UPDATE #2 Continuing on this effort (see original and update #1 below). ScrapySharp had potential but no matter what I tried, the process consumed all available memory and didn't produce anything. I did find that, due to jQuery, in a test WebBrowser control, the correct web page does not load. It seems the site has a function that determines how you got to the page requested, validates something about your browser, and redirects you to a generic sign-up page.
Thoughts on how to appease the gate keeper?
UPDATE #1 (details of original, not unique question below): First of all - THANK YOU! For the suggestions!

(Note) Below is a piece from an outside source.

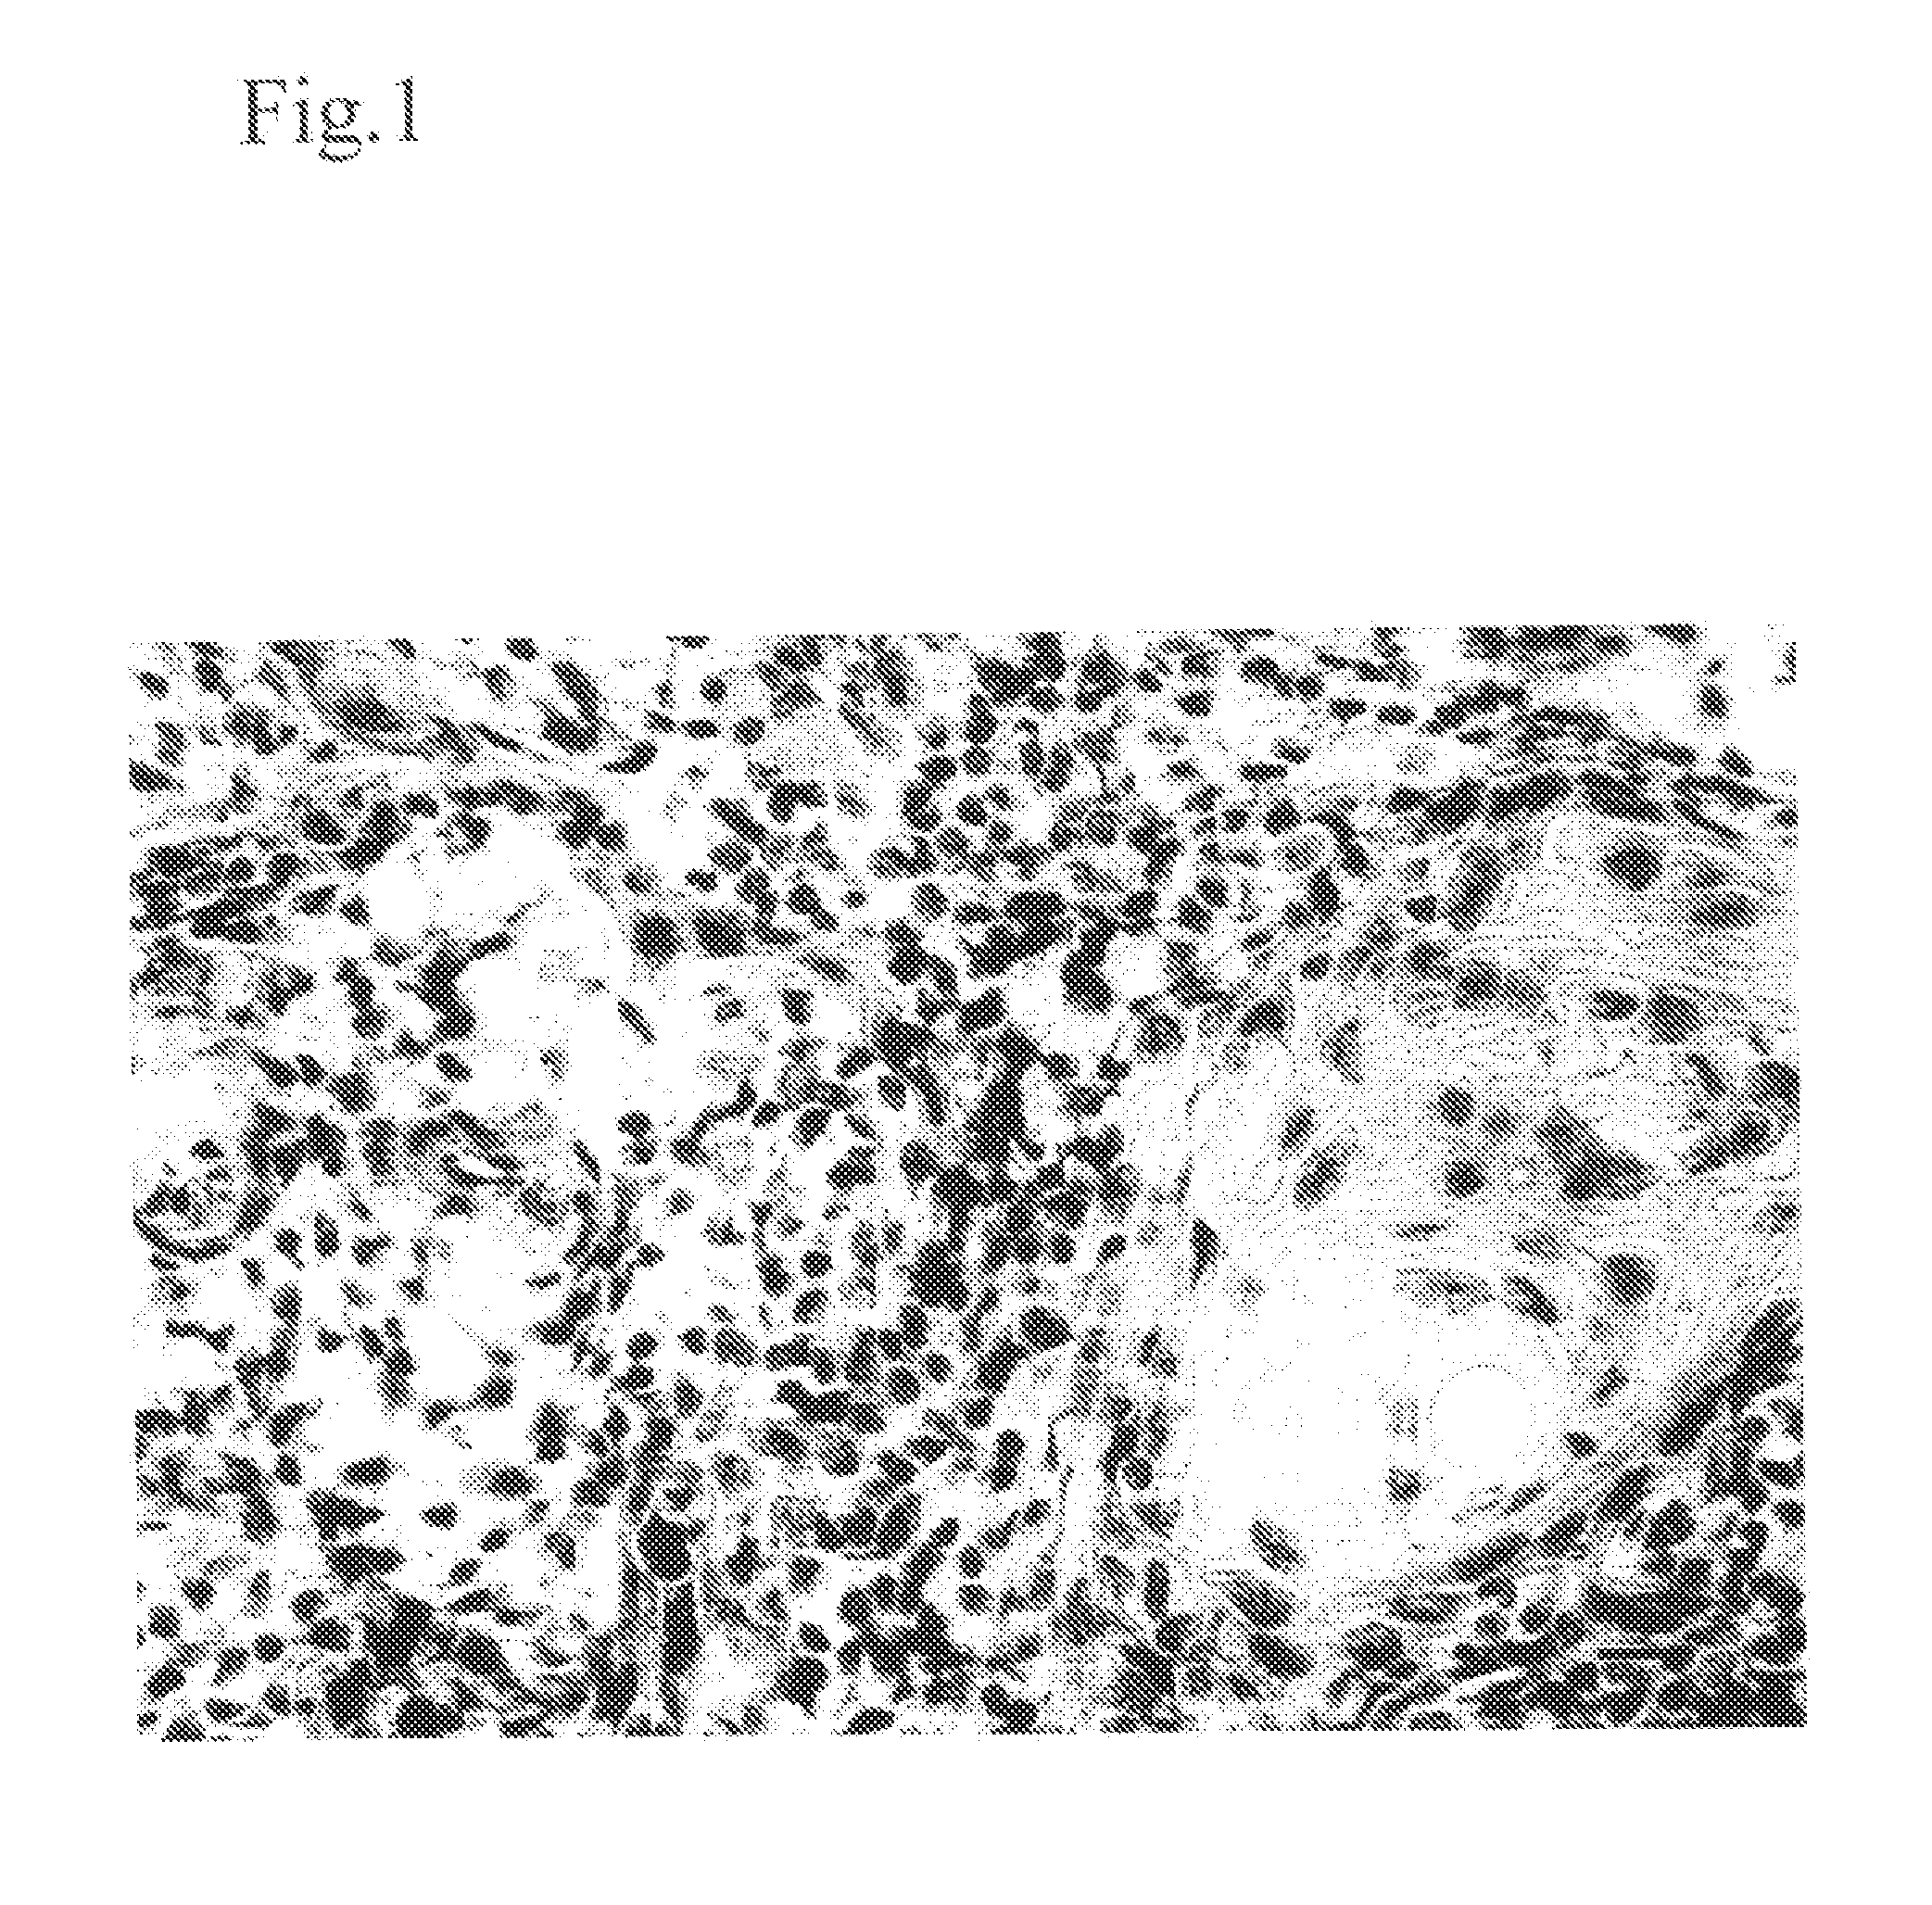 Method for modulating HLA class ii tumor cell surface expression with a cytokine mixture

I tried to use ScrapySharp as @John pointed out as:
ScrapingBrowser Browser = new ScrapingBrowser();
WebPage PageResult = Browser.NavigateToPage(new Uri("http://www.example-site.com"));
HtmlNode rawHTML = PageResult.Html;
Console.WriteLine(rawHTML.InnerHtml);
Console.ReadLine();
However, it resulted in a memory leak. To get a sense of how it works, I tried:
ScrapingBrowser Browser = new ScrapingBrowser();
WebPage PageResult = Browser.NavigateToPage(new Uri(url));
HtmlNode rawHTML = PageResult.Html;
var imgNodes = rawHTML.SelectNodes("//img");
Which also created a memory leak. What am I missing with my implementation of it?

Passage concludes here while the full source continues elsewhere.